Segment Open
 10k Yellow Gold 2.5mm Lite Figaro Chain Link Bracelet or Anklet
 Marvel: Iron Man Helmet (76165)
Segment Closed
Segment Open
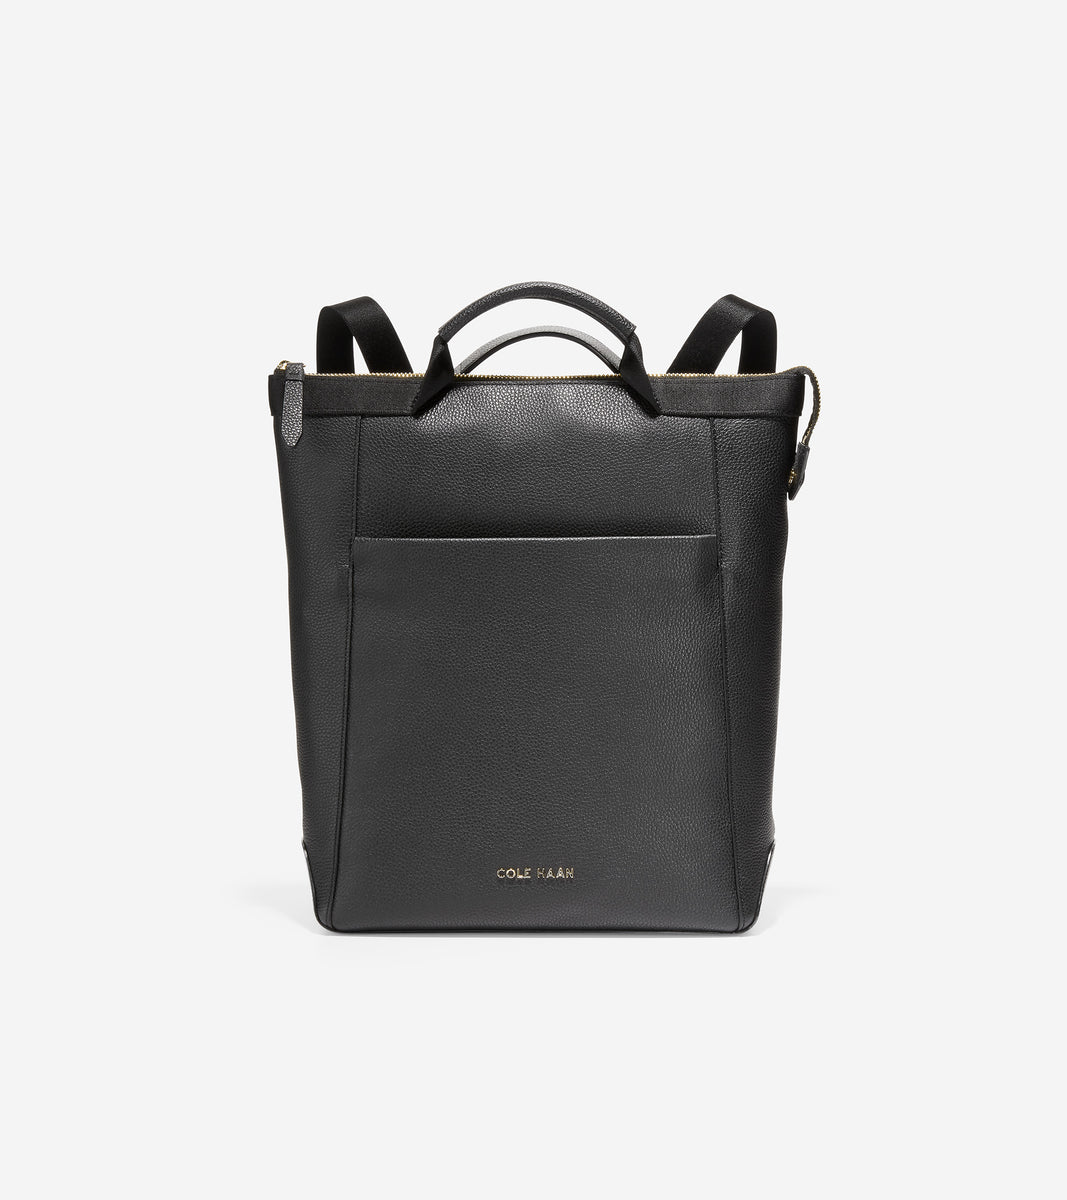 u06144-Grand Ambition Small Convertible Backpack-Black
Segment Closed
EXERCISE GOAL: Copy out each line of the data above, exactly, if it lies between the line holding "10k Yellow Gold" and the line holding "Marvel: Iron Man Helmet (76165)", inclusive; copy no other line.

REPLY TO THE EXERCISE:
 10k Yellow Gold 2.5mm Lite Figaro Chain Link Bracelet or Anklet
 Marvel: Iron Man Helmet (76165)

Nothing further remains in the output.